Point any OpenAI-compatible tool to http://localhost:8000/v1 with model=neuralbroker and you're done.


Features

🧠 Intelligent Routing (No Config Required)

  • 15-dimension prompt scoring classifies every request in under 1ms — no external LLM needed for routing decisions
  • NeuralFit hardware scoring picks the best local model for your specific GPU and VRAM capacity
  • Virtual model name — set model=neuralbroker once, never touch it again

💸 Subscription Inheritance

  • Auto-discovers Claude Code OAuth sessions, Codex auth, and env-based API keys on startup
  • Inherited subscriptions are treated as zero marginal cost — they're preferred over paid API keys for high-tier tasks
  • Works with: Claude Pro/Max, GitHub Copilot (Codex), ChatGPT Plus

🖥️ Local-First

  • Ollama and llama.cpp supported out of the box
  • VRAM-aware: automatically avoids routing to local when VRAM is critically low
  • Models are ranked by NeuralFit composite score (quality, speed, context fit, hardware fit)

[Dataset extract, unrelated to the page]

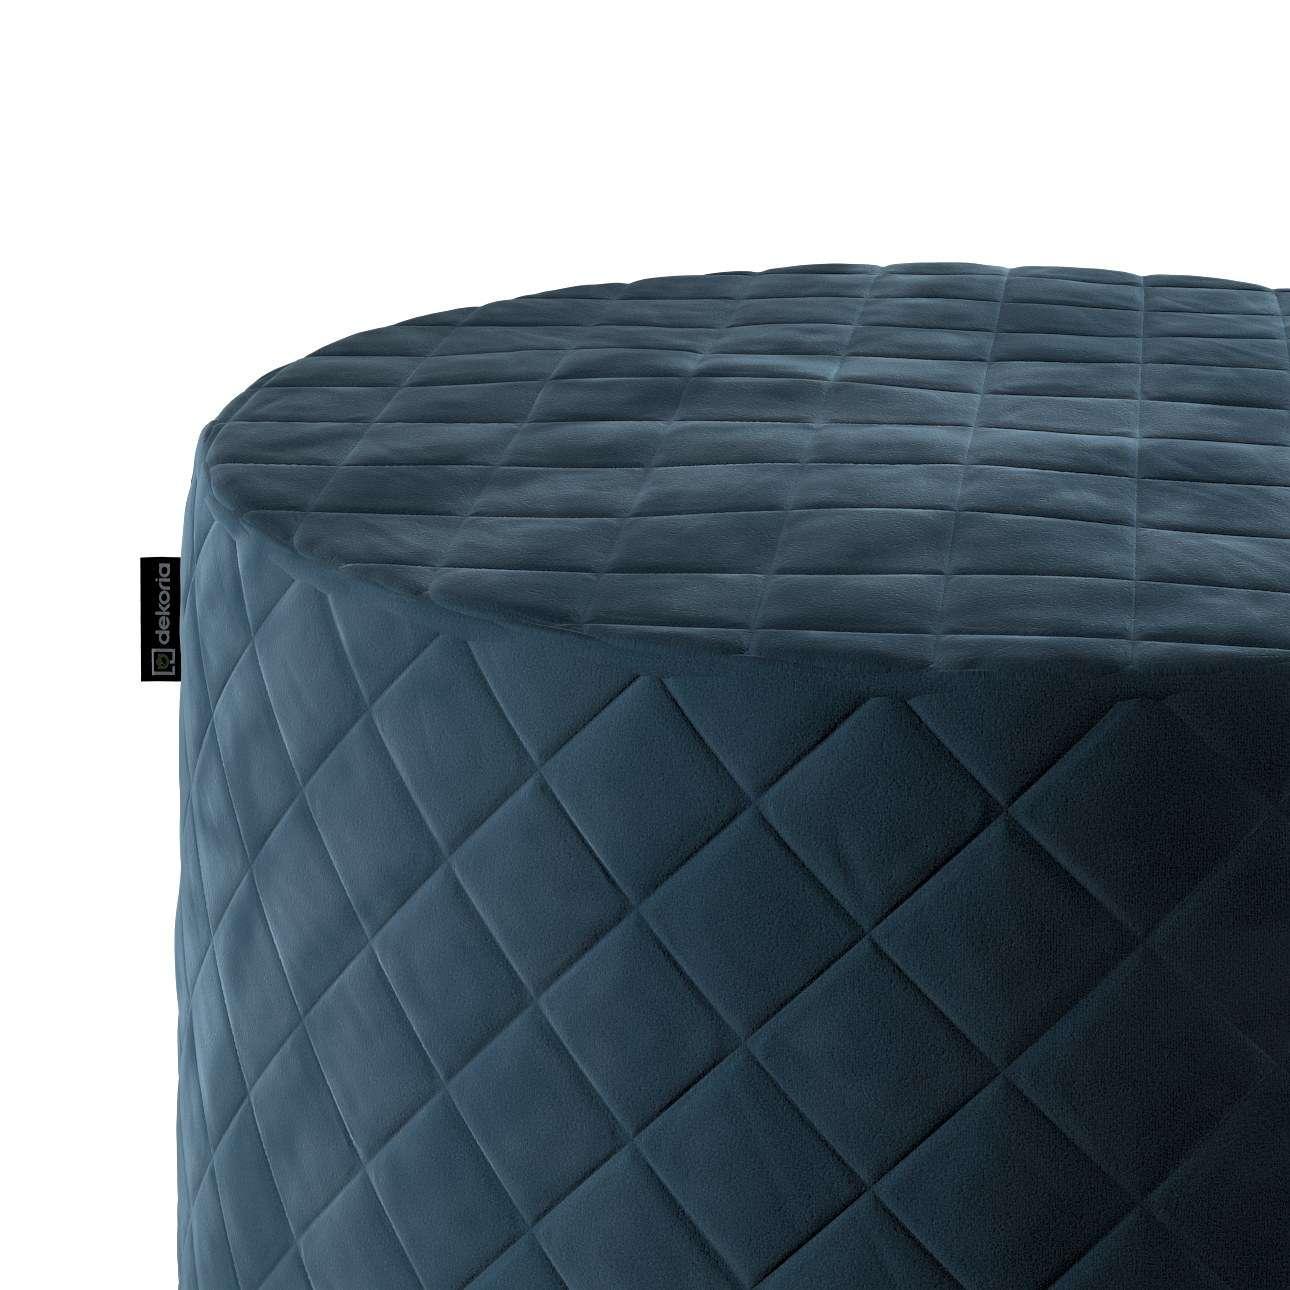 Puf Barrel pikowany w kolekcji Velvet, tkanina: 704-16

🔌 One-Command IDE Integration

neuralbrok setup claude-code   # Wires NeuralBroker into Claude Code
neuralbrok setup cursor        # Wires NeuralBroker into Cursor
neuralbrok setup codex         # Wires NeuralBroker into Codex CLI
neuralbrok setup cline         # Wires NeuralBroker into Cline (VS Code)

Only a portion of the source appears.